These numbers come from one machine (see How this was measured), so read them as scaling laws you can extrapolate from: time and memory grow with network size, threads, trials, and hierarchy depth in ways that carry across hardware.

What you get

  1. How time and memory scale with network size (links), by type.

  2. How threads help, and why that depends on hierarchy depth.

  3. Why sequential trials cost time but not memory.

  4. When --two-level pays off.

  5. The cost of hierarchy depth.

  6. A table of realistic anchor runs to calibrate against.

  7. A recipe for estimating your own run.

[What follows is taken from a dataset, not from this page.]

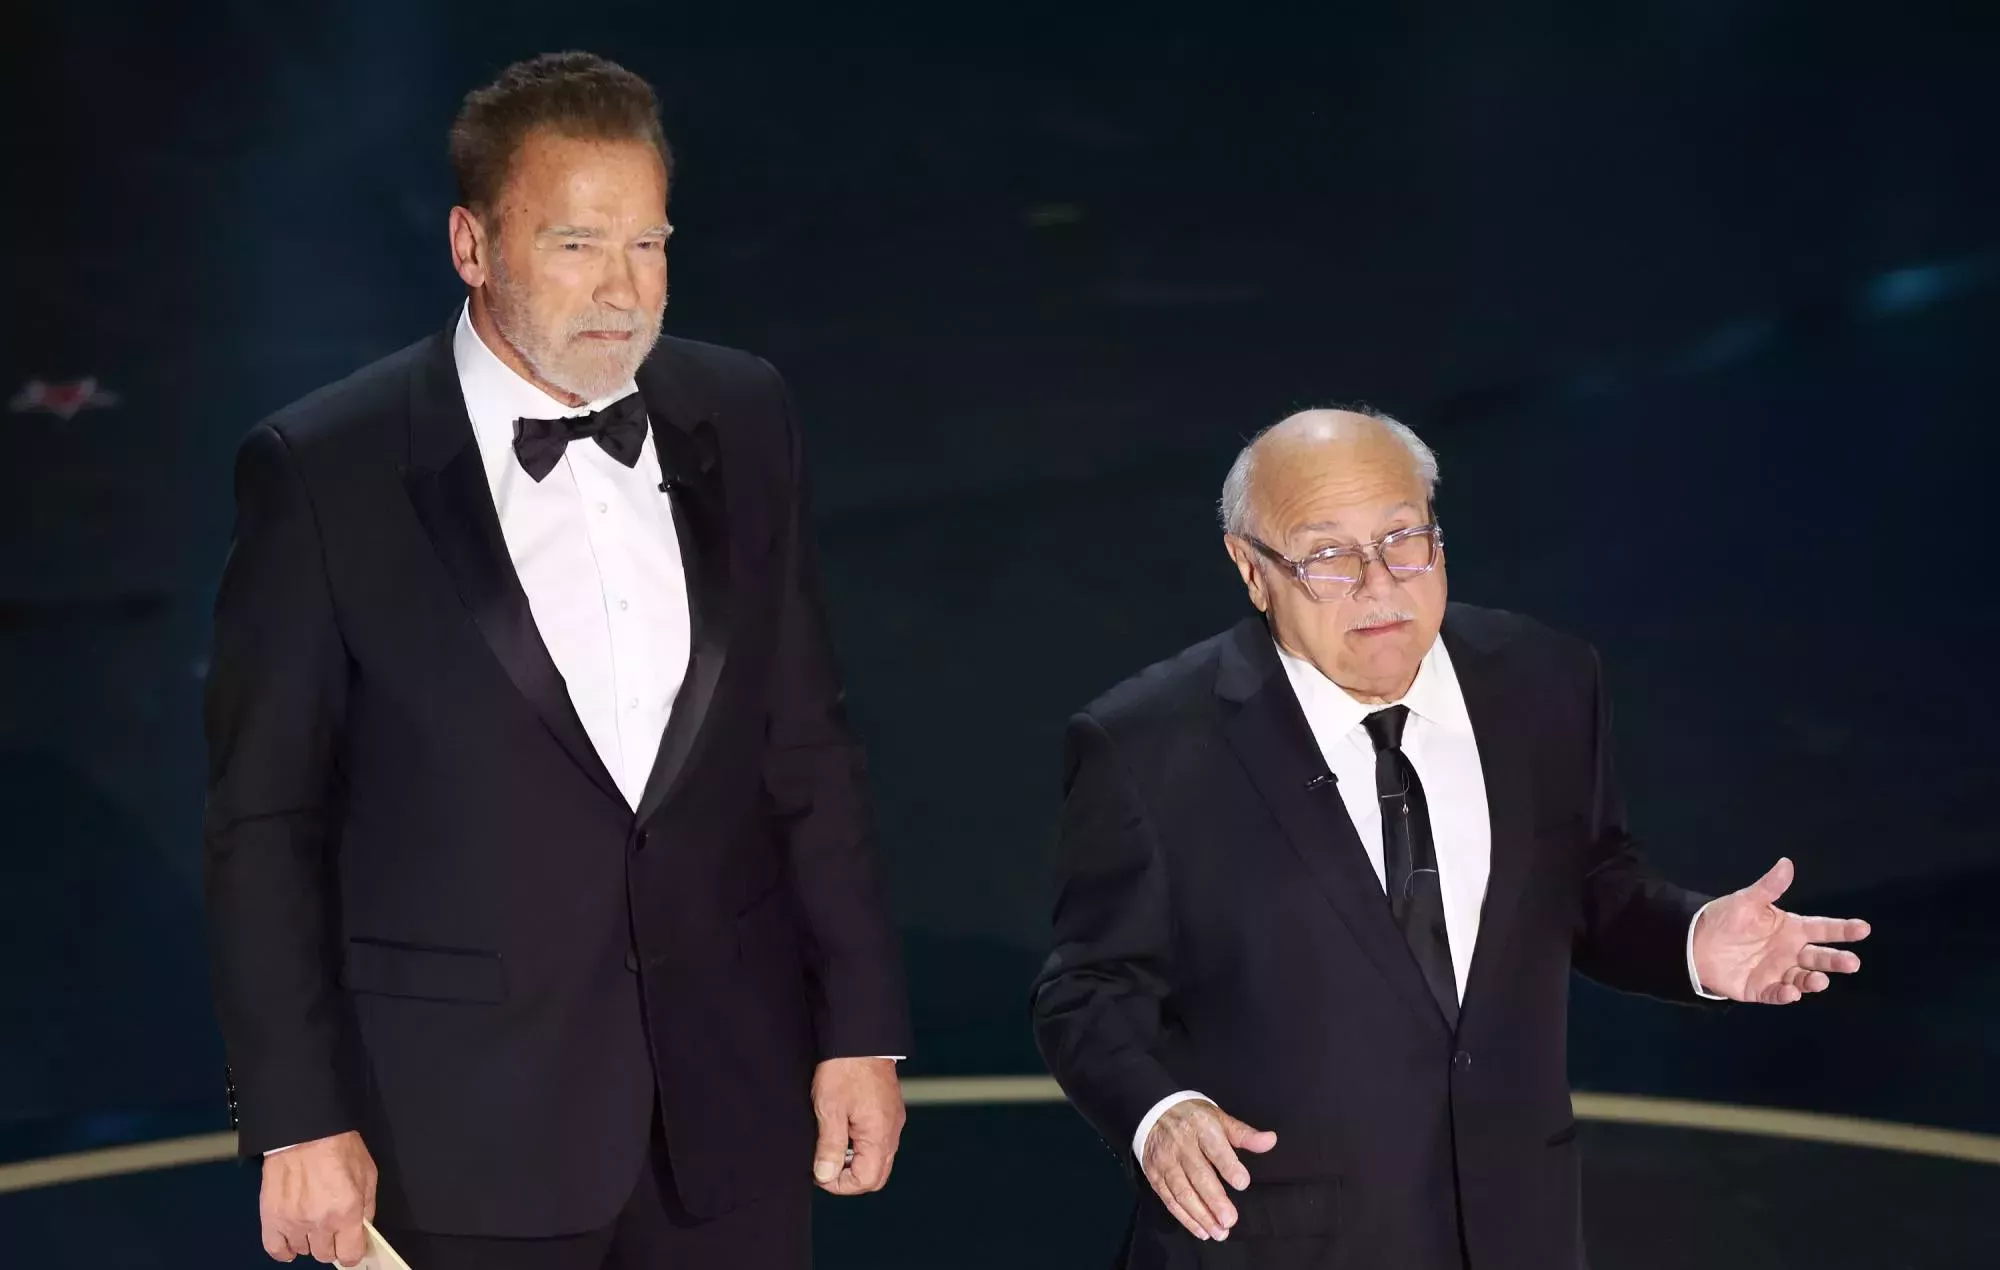 Danny DeVito y Arnold Schwarzenegger reprenden a Michael Keaton por 'Batman' durante el reencuentro de los Oscars

By default this page renders measurements committed to data/benchmark-results.csv. To reproduce them, set RUN_BENCHMARK = True in the configuration cell and re-run (about an hour for the full campaign). That overwrites the CSV, and every figure below then reflects your machine.

from pathlib import Path
import pandas as pd
import numpy as np
import matplotlib.pyplot as plt

# --- configuration ---
RUN_BENCHMARK = (
    False  # True regenerates data/benchmark-results.csv on this machine (~1 h)
)
DATA = Path("data/benchmark-results.csv")
SEED = 123
TYPE_COLOR = {"ordinary": "#1f77b4", "state": "#d62728", "multilayer": "#2ca02c"}
plt.rcParams.update({"figure.dpi": 110, "axes.grid": True, "grid.alpha": 0.3})

How this was measured

We measured the committed data on an Apple M2 Pro (8 performance + 4 efficiency cores), 16 GB RAM, macOS, with Infomap 2.12.0 built in release mode with OpenMP (make build-native MODE=release OPENMP=1). The same protocol applies if you re-run:

  • We record wall time and peak resident memory for the whole process (/usr/bin/time -l reports real time and maximum resident set size): read, build, optimize, output. That is what you wait for and what has to fit in RAM.

  • Each point runs a few times and we report the median, since peak RSS varies by a few hundred MB between runs.

  • Every run pins a fixed seed (-s 123) and an explicit thread count (--num-threads N); Infomap otherwise defaults to auto, all cores.

  • The synthetic block-model networks hold average degree near 10, so link count is a clean size axis and node count scales with it.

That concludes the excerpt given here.